Itch!, page 24
The cluster headaches on the front and back of Josie’s head did not go away. Her braid pulled at her scalp, worsening the discomfort. Josie decided to shave her head. She asked Angela to help.
‘Where do you keep the scissors?’ she asked, without preamble, sticking her head into the bar where Angela was doing a crossword puzzle and throwing biscuits absent-mindedly at Finn. It was another one of those scenes that looked like an oil painting: Tavern Wench and Hound in Sunbeam. The sun lingered on Angela’s curly black hair, glinting as it picked up the crystal pendants she wore in a cluster around her neck. She was a very lovely-looking woman, Josie appreciated, not for the first time. Statuesque. There was something eminently peaceful about Angela, something she emitted, like she was her own light source.

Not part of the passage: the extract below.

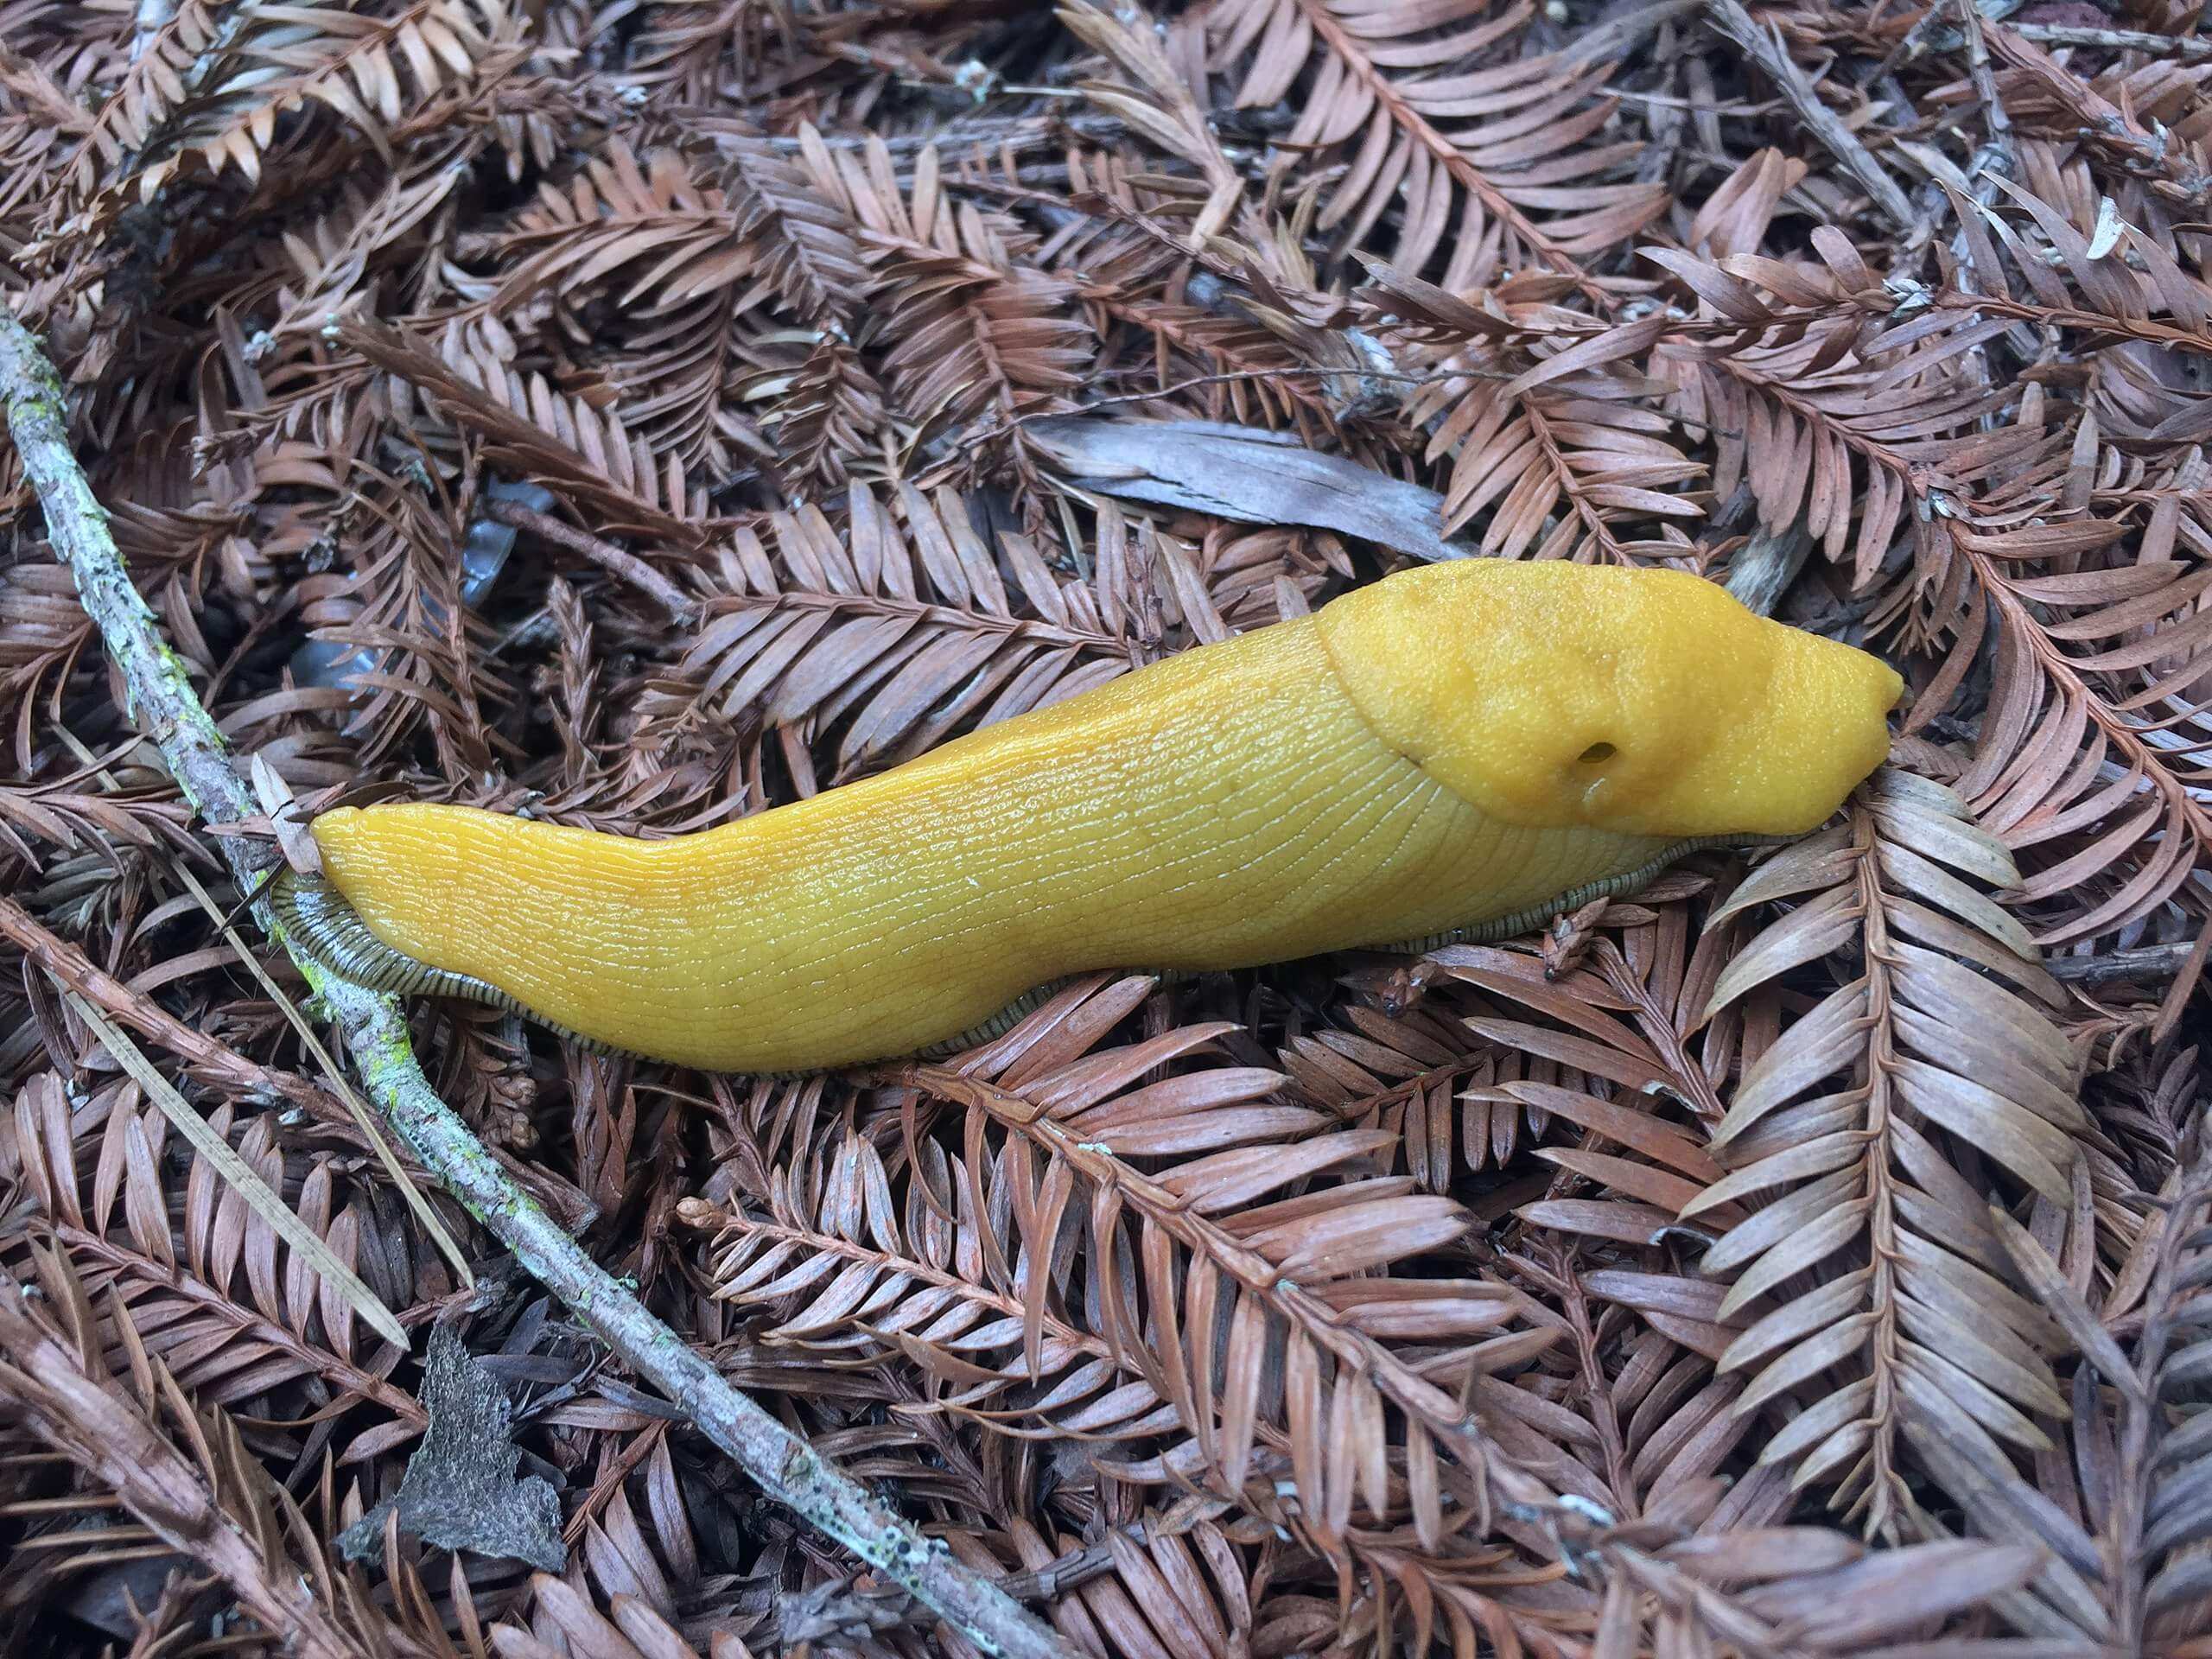 The California Banana Slug

The landlord looked up. Smiled. ‘I wondered when you’d get round to asking me that.’
Josie yanked on her braid, sharply. ‘It’s long overdue, I think,’ she said.
‘I agree.’
They used the en suite next to Josie’s room. Angela found a pair of dressmaking scissors, large-bladed, lethally sharp, to snip the braid off at the root.
Instantly, Josie felt lighter. Freer. She rolled her head around, feeling the muscles in her neck click and loosen.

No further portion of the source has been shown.